A) To reduce the size of mini-batches B) To normalize activations within each mini-batch, stabilizing training C) To eliminate the need for dropout D) To ensure output probabilities are calibrated
Question 8
When training a neural network with binary cross-entropy loss, the gradient with respect to the pre-sigmoid logit $z_i$ is:
A) $y_i \log(\hat{p}_i)$ B) $\hat{p}_i - y_i$ C) $(y_i - \hat{p}_i)^2$ D) $\frac{y_i}{\hat{p}_i}$
Question 9
Bayesian optimization for hyperparameter tuning (e.g., Optuna) improves upon grid search because:
A) It evaluates fewer hyperparameter combinations but uses them more efficiently B) It always finds the global optimum C) It builds a probabilistic model of the hyperparameter-performance relationship and intelligently selects the next combination D) It avoids the need for cross-validation
Question 10
Why is random search often more efficient than grid search for hyperparameter tuning?
A) Random search parallelizes better B) Not all hyperparameters are equally important, and random search allocates more evaluations to important ones by chance C) Random search always converges faster D) Grid search cannot handle continuous hyperparameters
Question 11
A model produces the following reliability diagram: when it predicts 0.8, the observed frequency is 0.65; when it predicts 0.2, the observed frequency is 0.30. This model is:
A) Well calibrated B) Overconfident (predictions too extreme) C) Underconfident (predictions too moderate) D) Impossible to determine from this information
Question 12
Platt scaling calibrates a model's output by fitting:
A) An isotonic regression on the model's raw output B) A logistic regression where the model's raw output is the single feature C) A temperature parameter that scales the logit D) A polynomial regression on the model's output
Question 13
Which calibration method is most appropriate when you have only 200 calibration samples?
A) Isotonic regression, because it is nonparametric B) Platt scaling, because it has only 2 parameters and is less prone to overfitting C) Temperature scaling, because neural networks always need it D) No calibration, because 200 samples is too few
Question 14
SHAP values satisfy the property that for any prediction $f(x)$:
A) The sum of SHAP values equals $f(x)$ B) The sum of SHAP values plus the base value equals $f(x)$ C) Each SHAP value is between -1 and 1 D) SHAP values are always positive for features that increase the prediction
Question 15
A SHAP dependence plot for "approval_rating" shows that the SHAP value is near zero for approval ratings below 40%, increases linearly from 40% to 55%, and levels off above 55%. This indicates:
A) Approval rating is not an important feature B) The model has a linear relationship with approval rating C) The model has learned a nonlinear effect where approval rating matters most in the 40-55% range D) The model is poorly calibrated for candidates with high approval ratings
Question 16
Which type of SHAP explainer should be used for an XGBoost model?
A) KernelExplainer (model-agnostic, slower) B) DeepExplainer (designed for deep learning) C) TreeExplainer (fast, exact for tree-based models) D) LinearExplainer (designed for linear models)
Question 17
A feature engineer creates a "momentum" feature: the 7-day change in polling margin.
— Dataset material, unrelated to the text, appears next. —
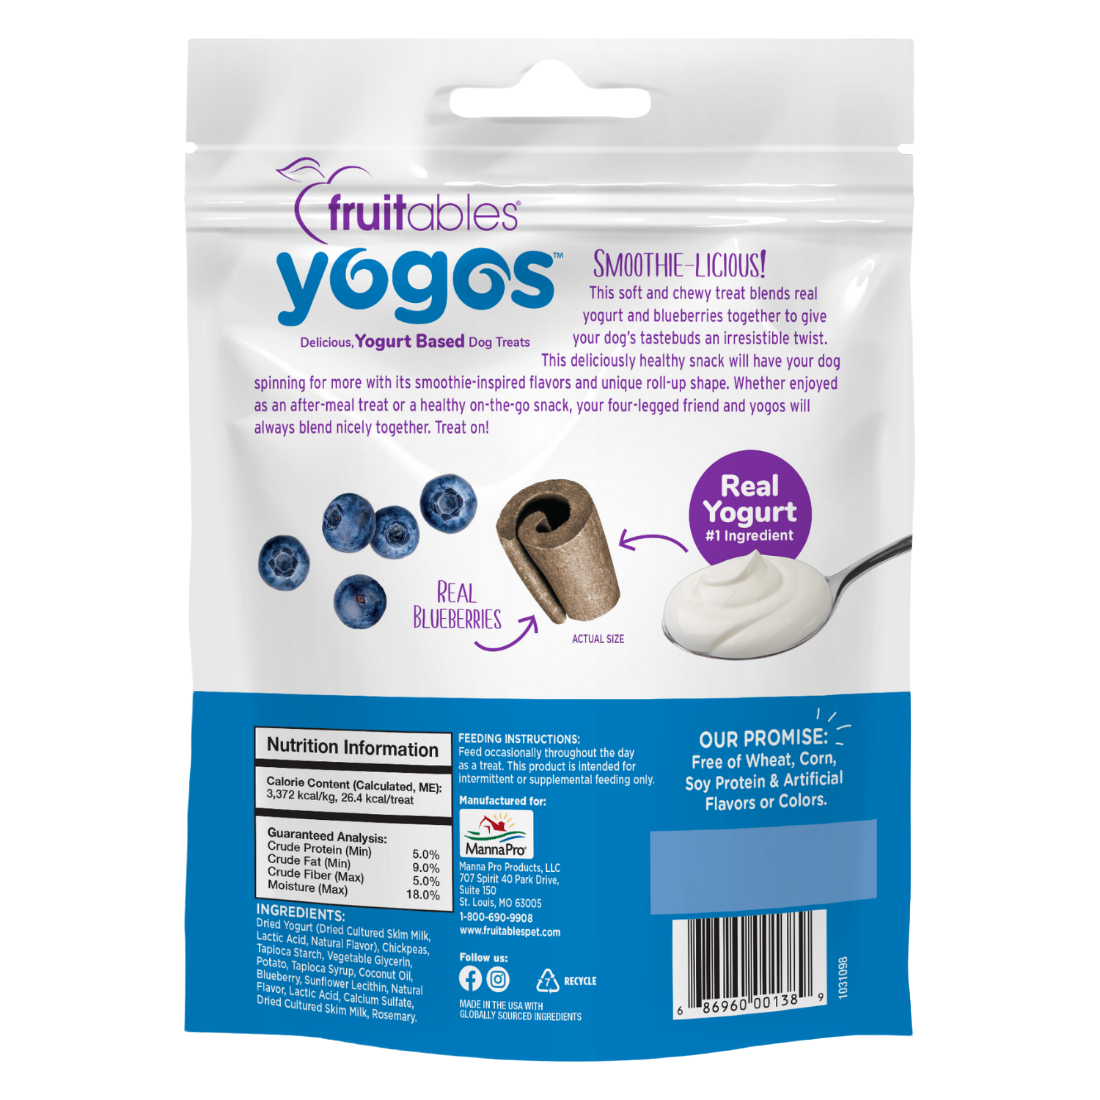 Fruitables 12 oz Yogos Blueberry Smoothie Dog Treats back packaging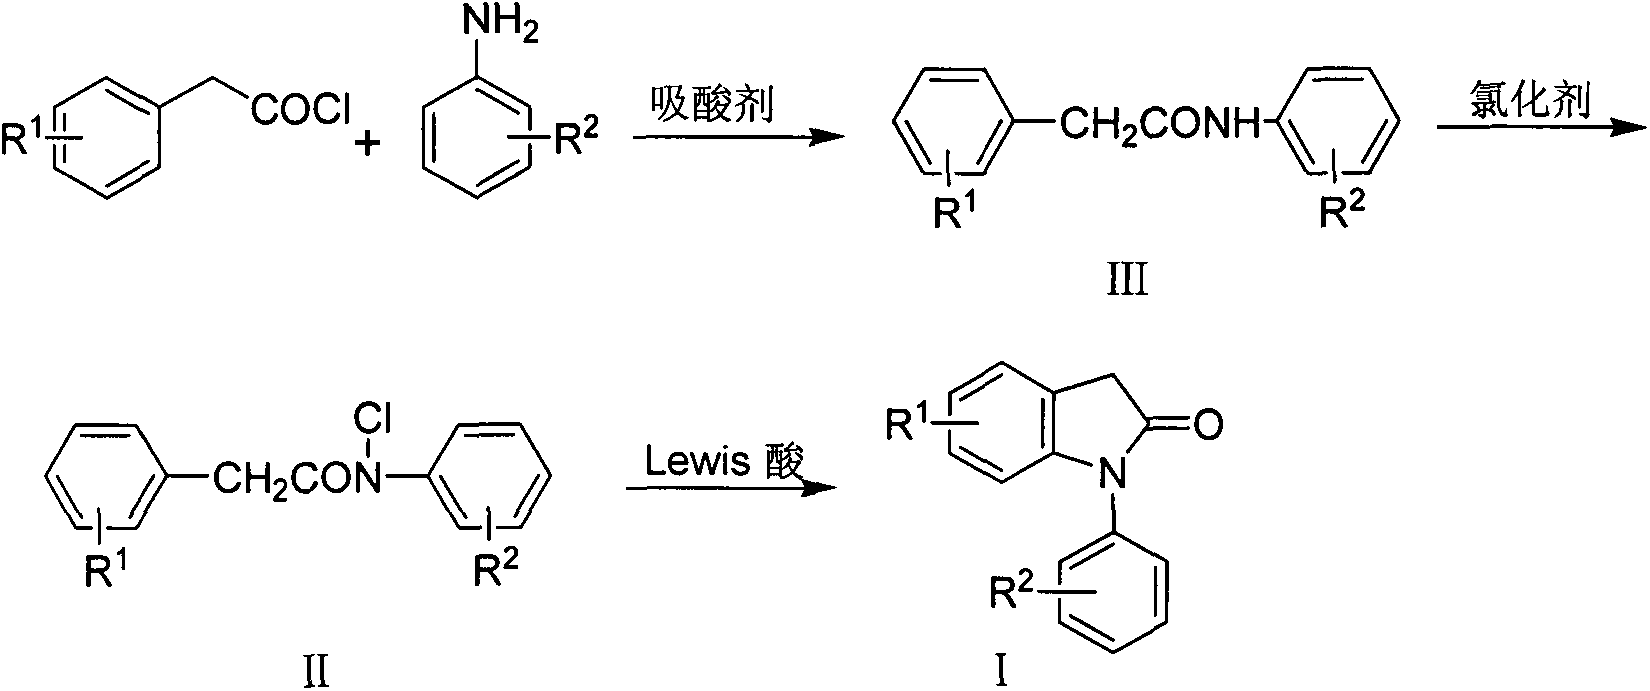 Preparation method for 1-aryl-2-indolinone derivatives

This feature captures:
A) The absolute level of polling support B) The direction and rate of change in polling, which may predict future movement C) The variance of polling data D) The interaction between polling and time
Question 18
Data leakage in a prediction market model can be caused by:
A) Using time-series cross-validation B) Standardizing features using only training set statistics C) Including the prediction market contract price at resolution time as a feature D) Using early stopping to prevent overfitting
Question 19
When training an ML model on a rare event (5% base rate), which approach is LEAST appropriate for probability estimation?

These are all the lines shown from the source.